Поляк уверен, он встретился с нею впервые. Светлые глаза с глубокими, чернее черного, прожилками, он никогда не видел ничего подобного. Ему не нужно слышать ее голос, все происходит в белом безмолвии лица, которое медленно окрашивается румянцем. Она держит купюру над прилавком, приковав взгляд к бумажке, а Ян не отрывает глаз от ее очей.
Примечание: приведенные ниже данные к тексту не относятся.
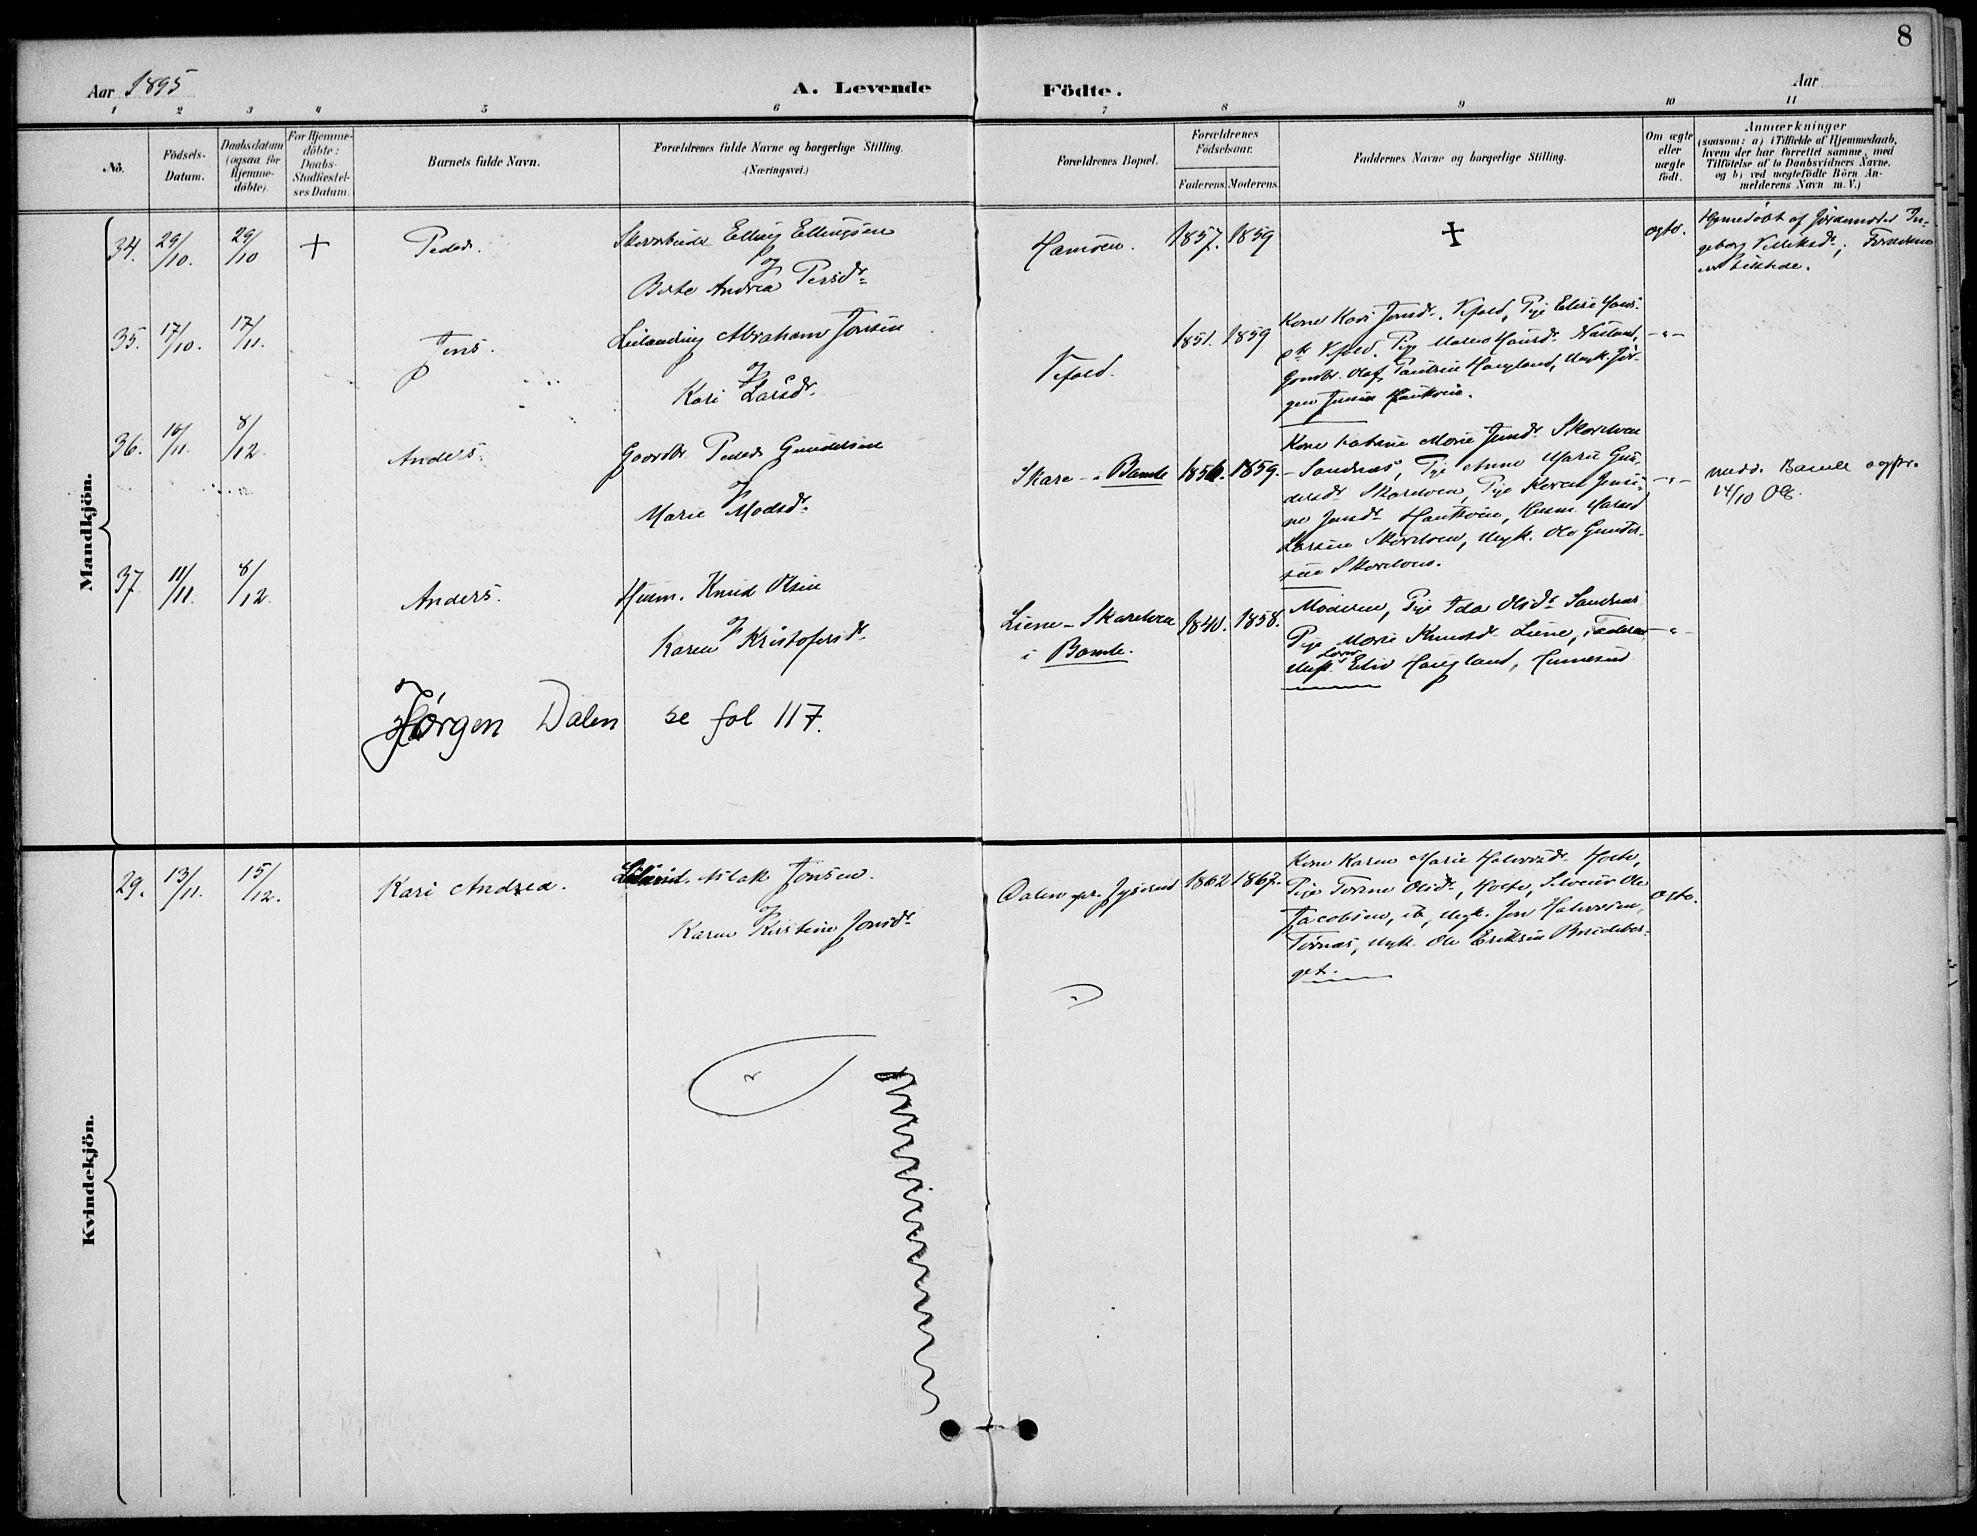 SAKO, Drangedal kirkebøker, F/Fa/L0012: Ministerialbok nr. 12, 1895-1905, s. 8

Она не знает, почему он не берет деньги, ей приходится взглянуть вверх, чтобы понять, и тогда наступает второе мгновение встречи, и в этот затянувшийся миг существуют только взгляды, которые пристально созерцают друг друга… Оба поражены, но ни она, ни он не понимают, что происходит, быть может, нечто очень важное. Как переход из лета в осень, как стук ветвей, скользнувших по запотевшему окну на улице Ваверли, как все розовое, белокурое, голубое, зеленое, смешавшееся в бемолях сонаты, как новое биение сердца, конец чего-то одного и начало совсем другого, да, это жизнь закрутилась, вдруг ошалев, и руки судорожно сжимаются, покрываются влагой, глаза уже никогда не станут прежними, так рождаются две новые бессонницы, а между тем денежная купюра дрожит, стремясь быть полученной, лишь бы эта карусель остановилась.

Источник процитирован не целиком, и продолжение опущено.